In 2010 a lone gunman killed 12 people in a four-hour shooting spree in northern England.

So what about Australia?

This is a more dramatic example.

In 1996, a 28-year-old man killed 35 people with a semi-automatic rifle in the Tasmanian city of Port Arthur. Twelve days later, a gun-confiscation program was rushed through the Australian parliament.

The National Agreement on Firearms all but prohibited automatic and semiautomatic assault rifles, stiffened licensing and ownership rules, and instituted a temporary gun buyback program that took some 650,000 so called assault weapons (about one-sixth of the national stock) out of public circulation.

The images are pretty incredible from that time. This agreement was called a gun buyback, but it really wasn’t. It was mandatory.

So what were the effects of this program?

Interestingly, there have been at least two major studies done on the program and gun homicides. University of Melbourne researchers Wang-Sheng Lee and Sandy Suardi did the first, and in 2008 they completed a report on the matter saying:

“In this paper, we re-analyze the same data on firearm deaths used in previous research, using tests for unknown structural breaks as a means to identifying impacts of the National Firearms Agreement. The results of these tests suggest that the NFA did not have any large effects on reducing firearm homicide or suicide rates.”

“In this paper, we re-analyze the same data on firearm deaths used in previous research, using tests for unknown structural breaks as a means to identifying impacts of the National Firearms Agreement. The results of these tests suggest that the NFA did not have any large effects on reducing firearm homicide or suicide rates.”

And a second report concluded that while the mandatory program did reduce the rate of “accidental” firearm deaths, it had no influence on firearm homicide in Australia and it also did not end mass shootings.

In 2002 two people were killed and five were injured in a shooting at Melbourne’s Monash University. In 2011 three people were killed and three were wounded in the Hectorville siege. In 2014, three people (including the gunman) were killed and four were injured in a Sydney hostage crisis.

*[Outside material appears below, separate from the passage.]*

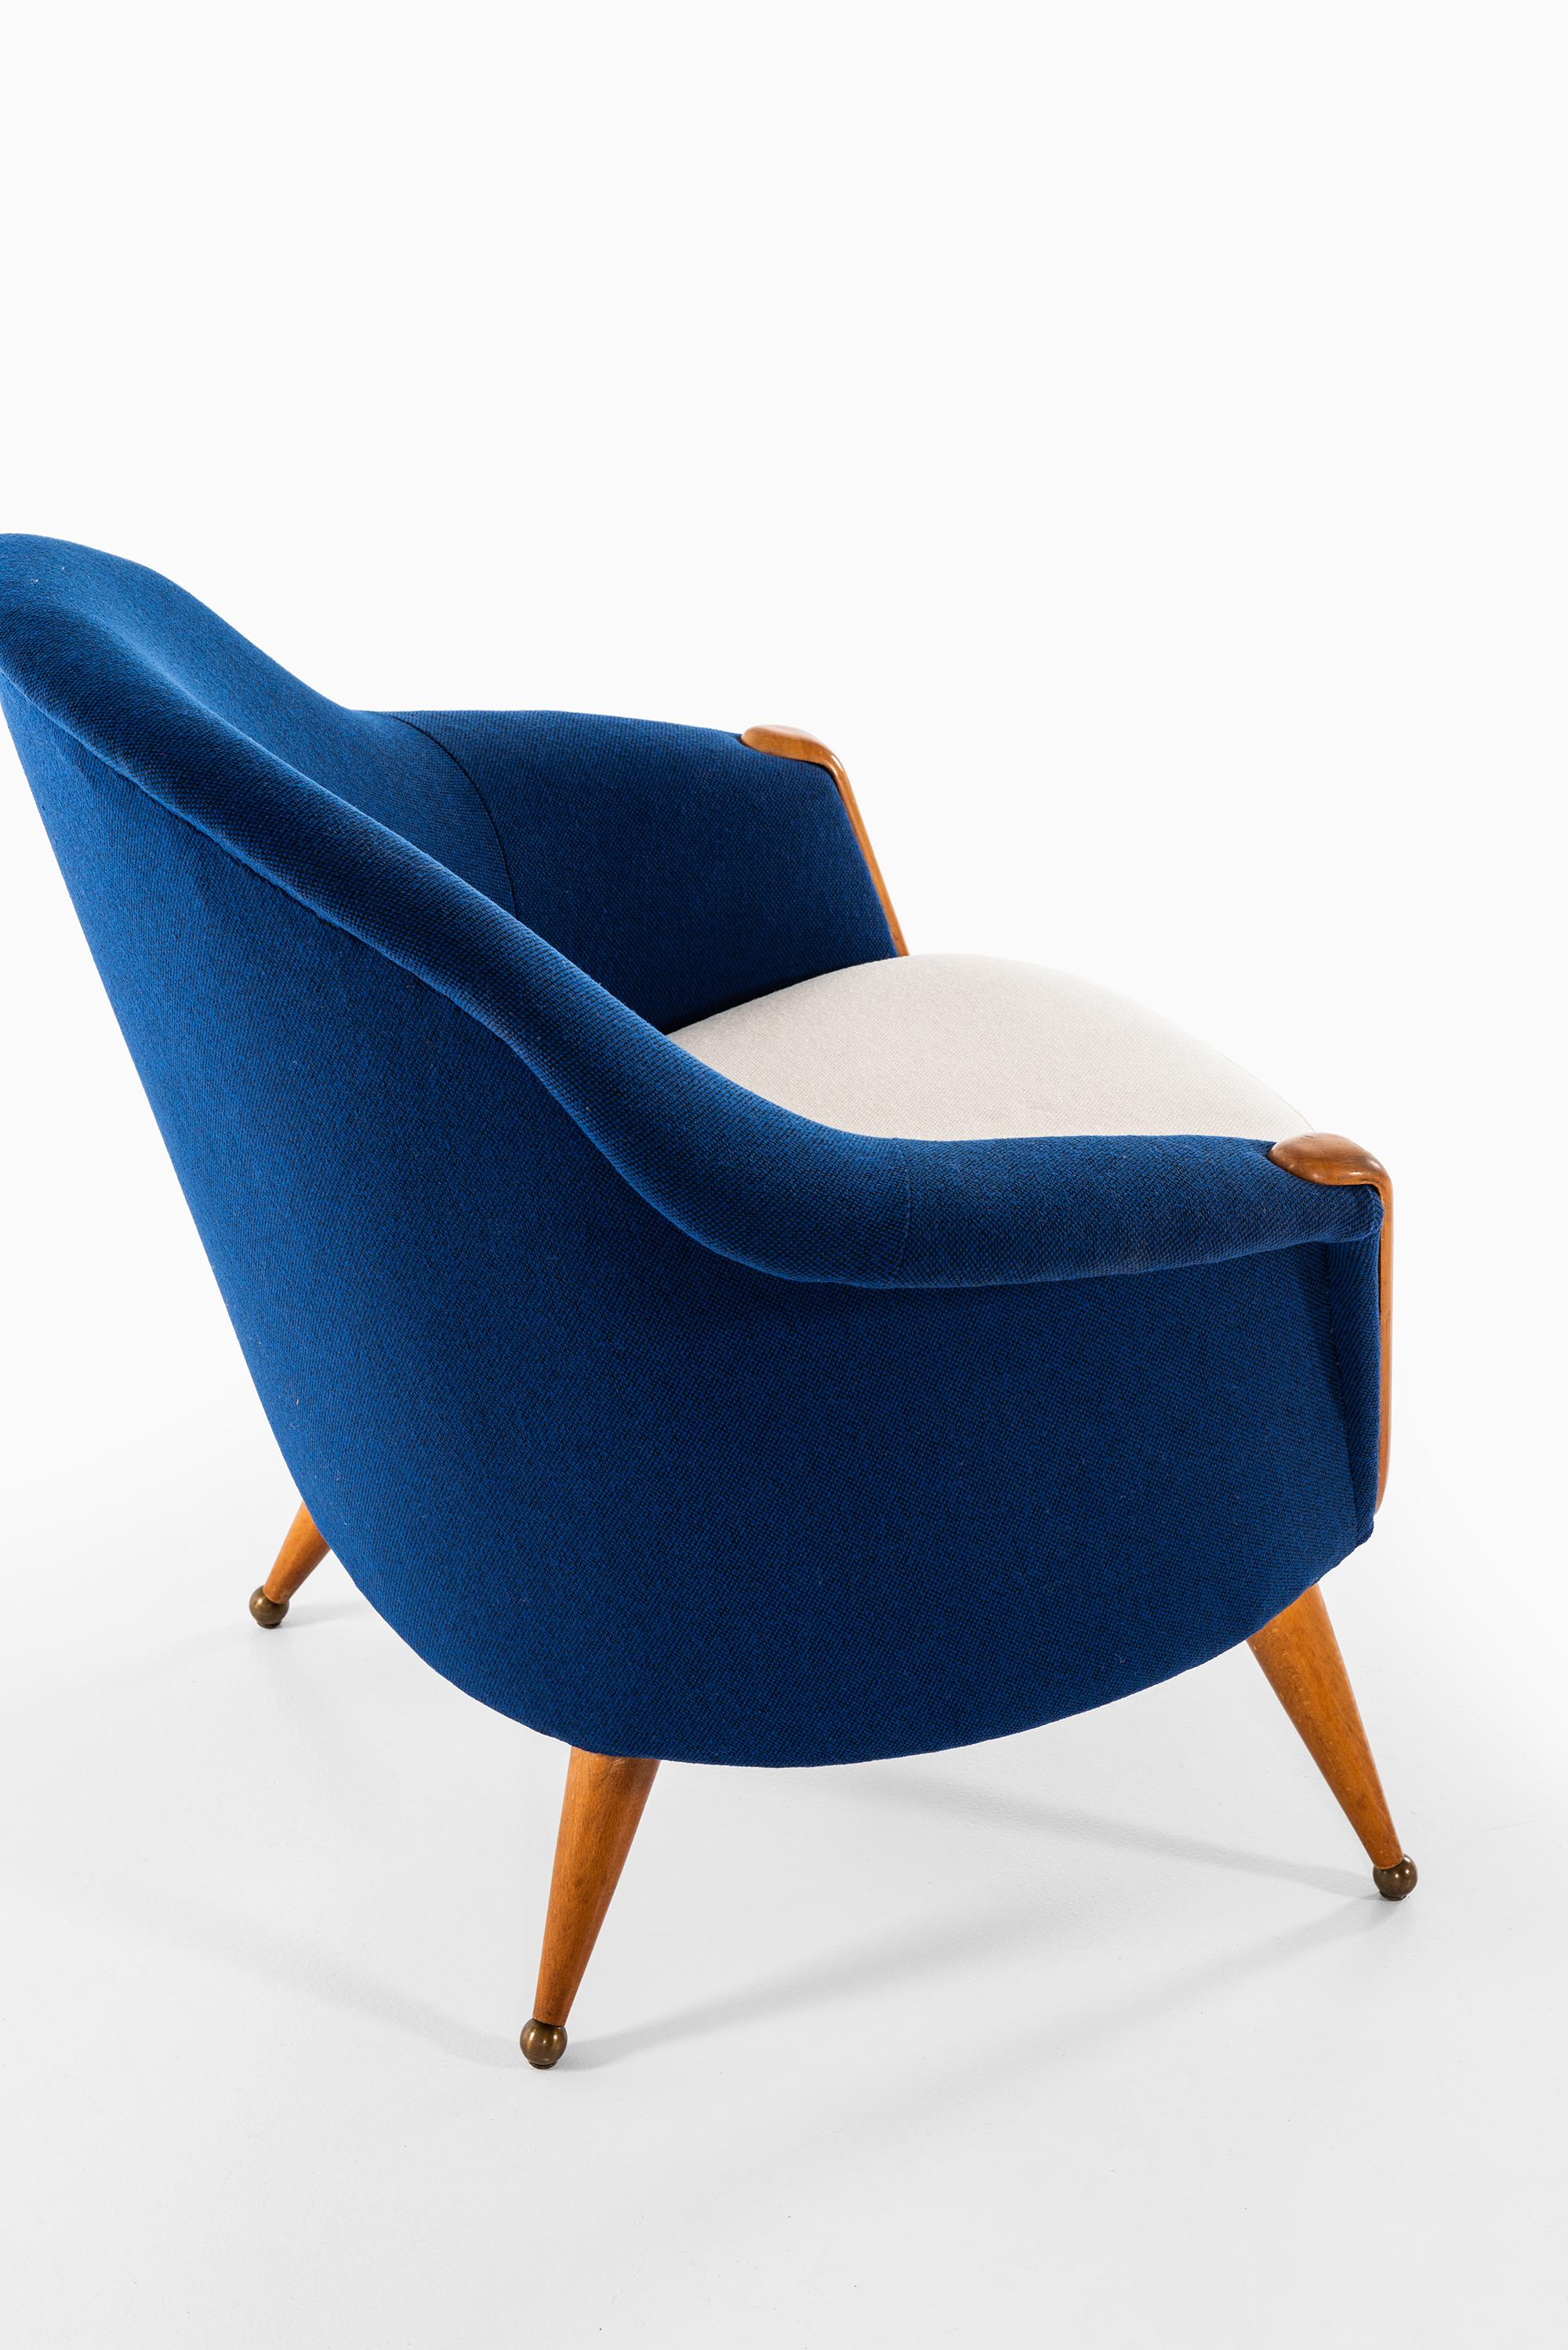 Scandinavian Modern Folke Jansson Easy Chair Model Orion Produced by SM Wincrantz in Sweden

What you need to know is that even with mass confiscation of weapons, Australia could not end all mass shootings and the rate of gun homicides wasn’t actually affected.

But here is something else worth mentioning: the 650,000 guns confiscated in Australia were between one-fifth and one-third of all guns in the country.

Compare that to the United States and that would require confiscation of around 105 million firearms—something that would not only be unconstitutional but would likely become incredibly violent.

In other words, mass confiscation in the United States, simply cannot happen. Not right now—possibly not ever.